- Given information:
☆ ☆ ☆ ☆ ☆

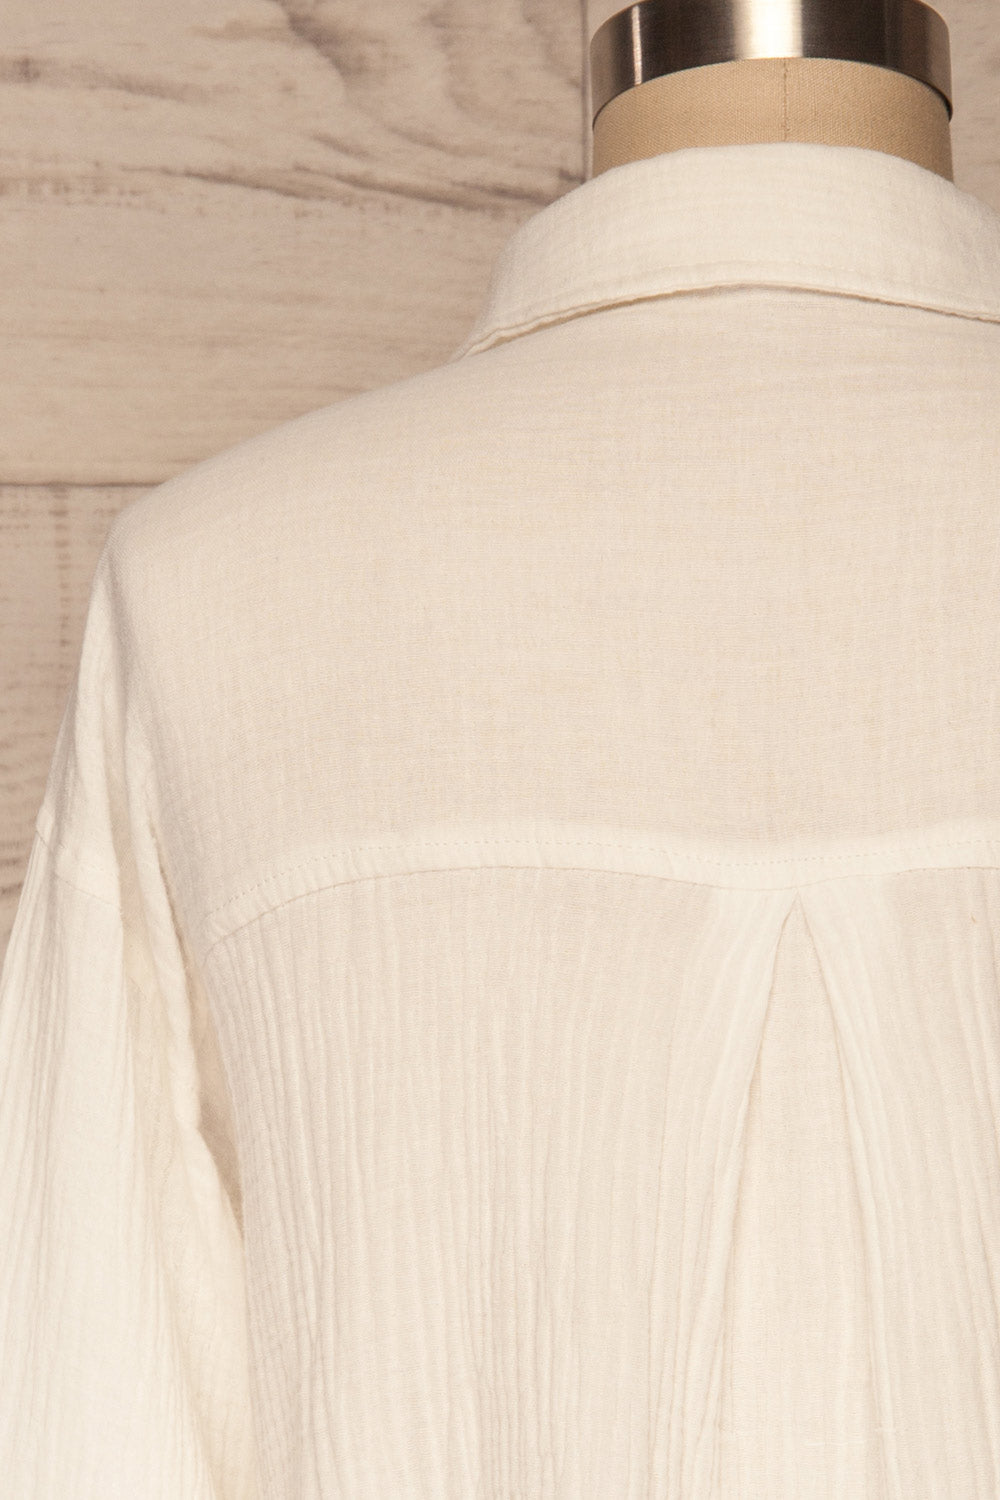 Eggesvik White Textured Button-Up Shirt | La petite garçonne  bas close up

☆ ☆ ☆ ☆ ☆

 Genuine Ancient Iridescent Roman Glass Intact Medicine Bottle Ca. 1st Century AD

☆ ☆ ☆ ☆ ☆

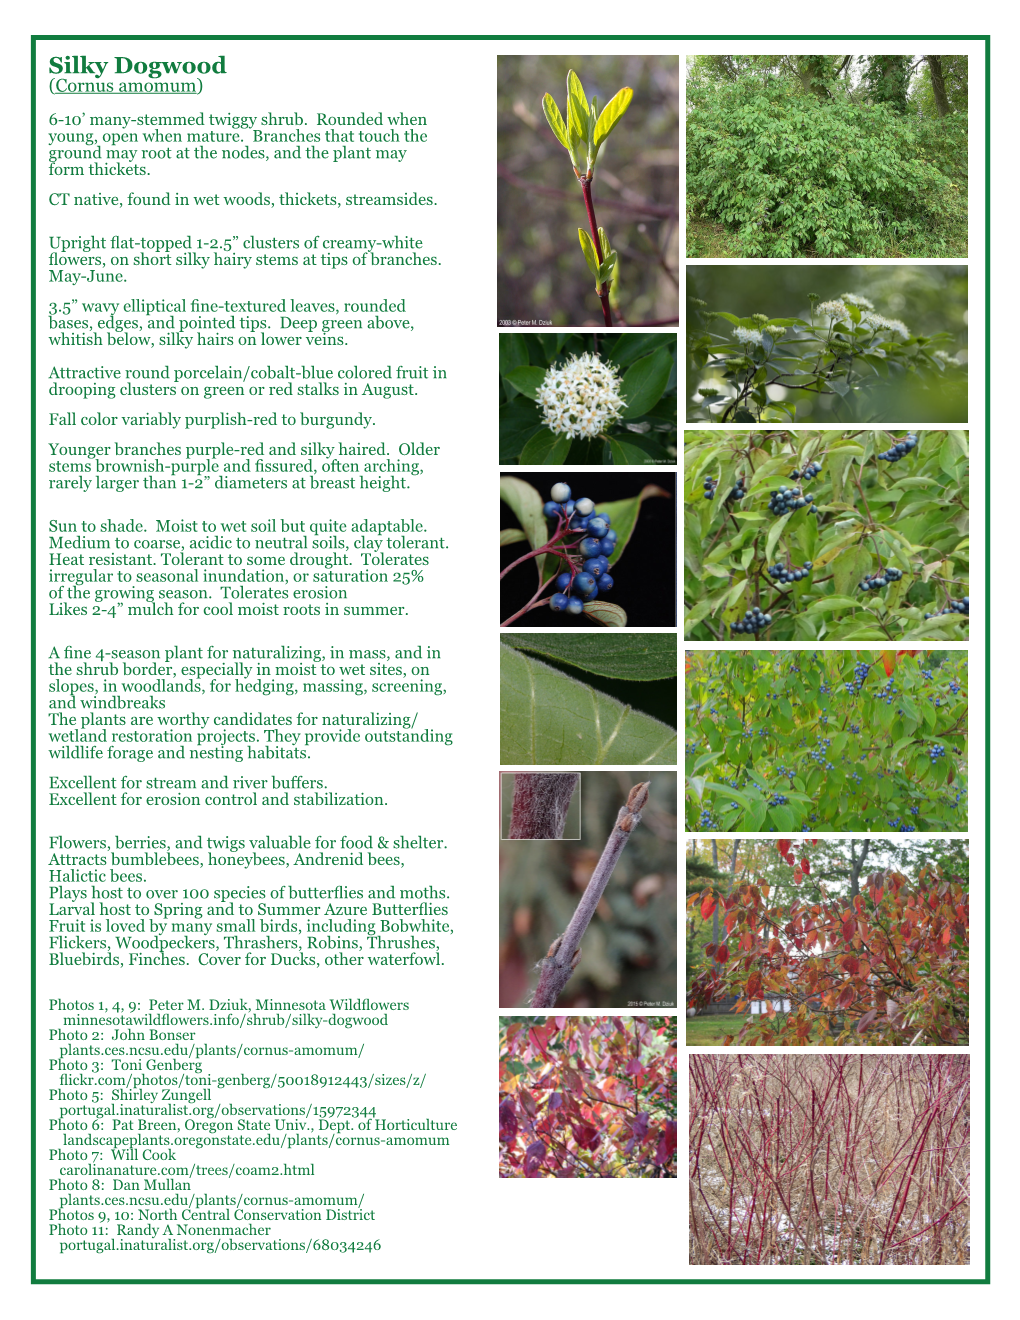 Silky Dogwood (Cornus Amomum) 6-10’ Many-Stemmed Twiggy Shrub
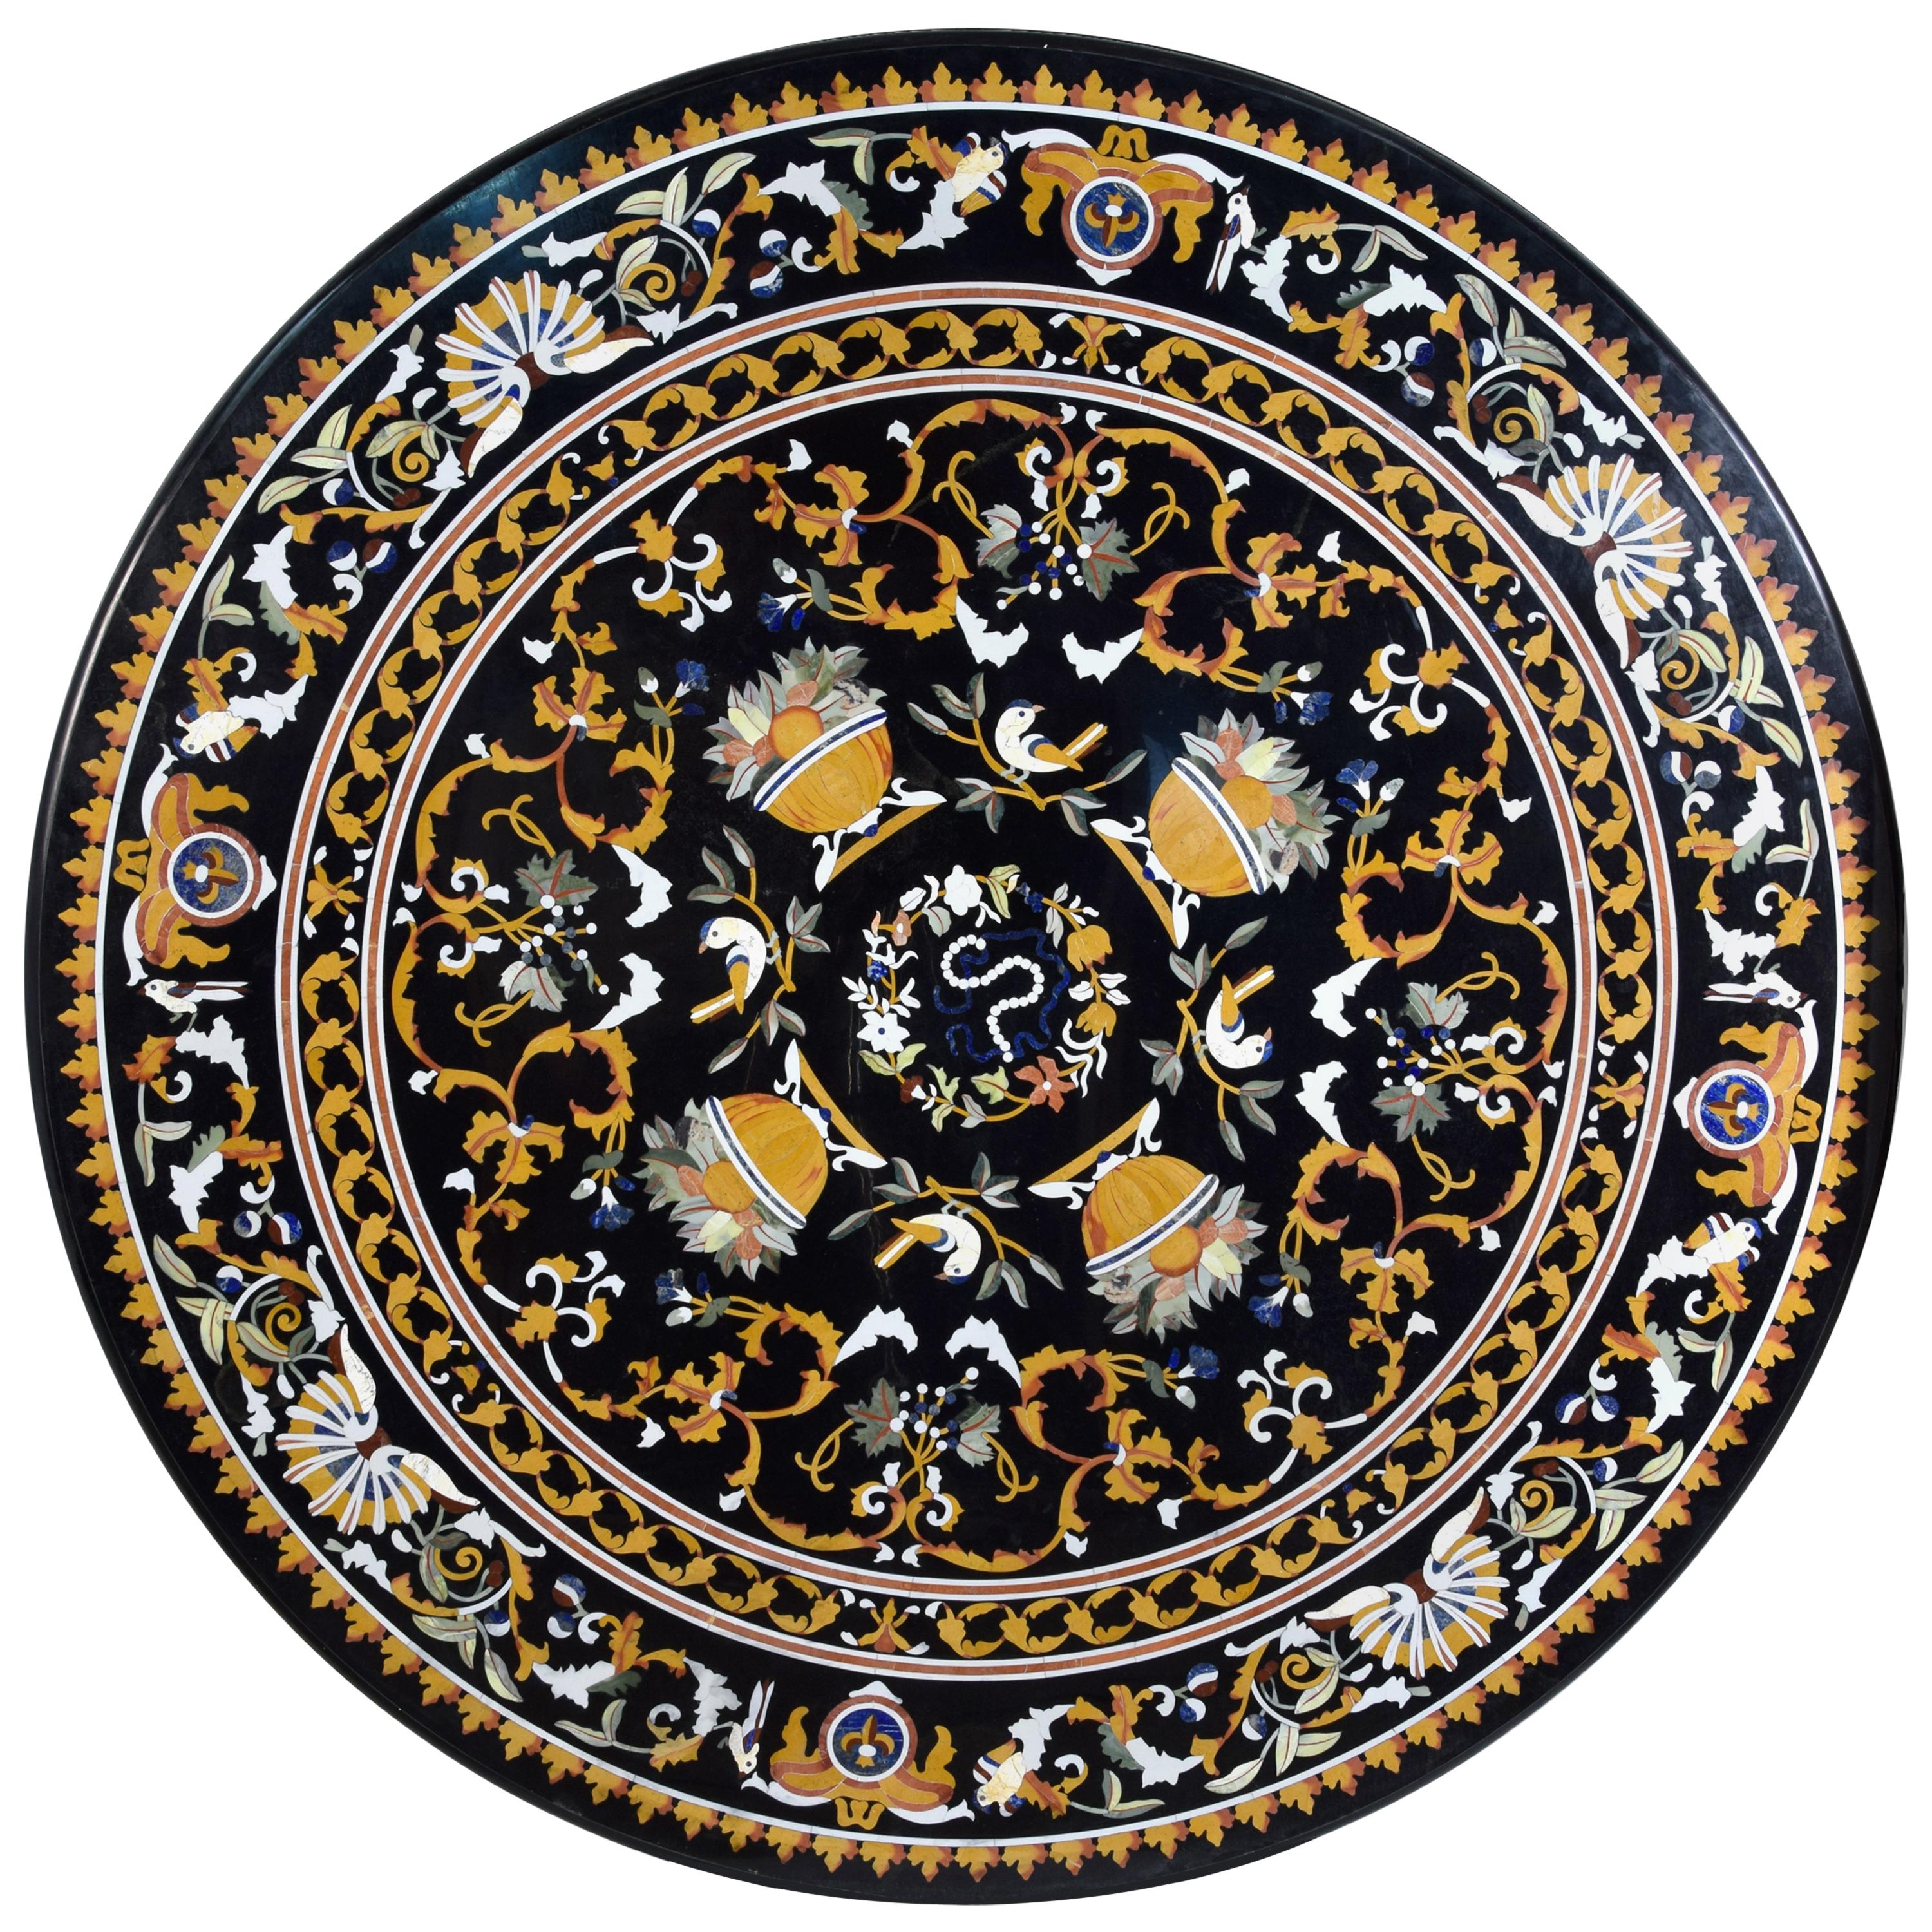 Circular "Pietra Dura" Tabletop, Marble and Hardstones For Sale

☆ ☆ ☆ ☆ ☆

- What you should do:
With the pictures omitted, copy exactly the lines of the listing above starting at the line containing "Silky Dogwood (Cornus" and ending at the line containing "Hardstones For Sale", both included.

- Solution for this exercise:
 Silky Dogwood (Cornus Amomum) 6-10’ Many-Stemmed Twiggy Shrub
 Circular "Pietra Dura" Tabletop, Marble and Hardstones For Sale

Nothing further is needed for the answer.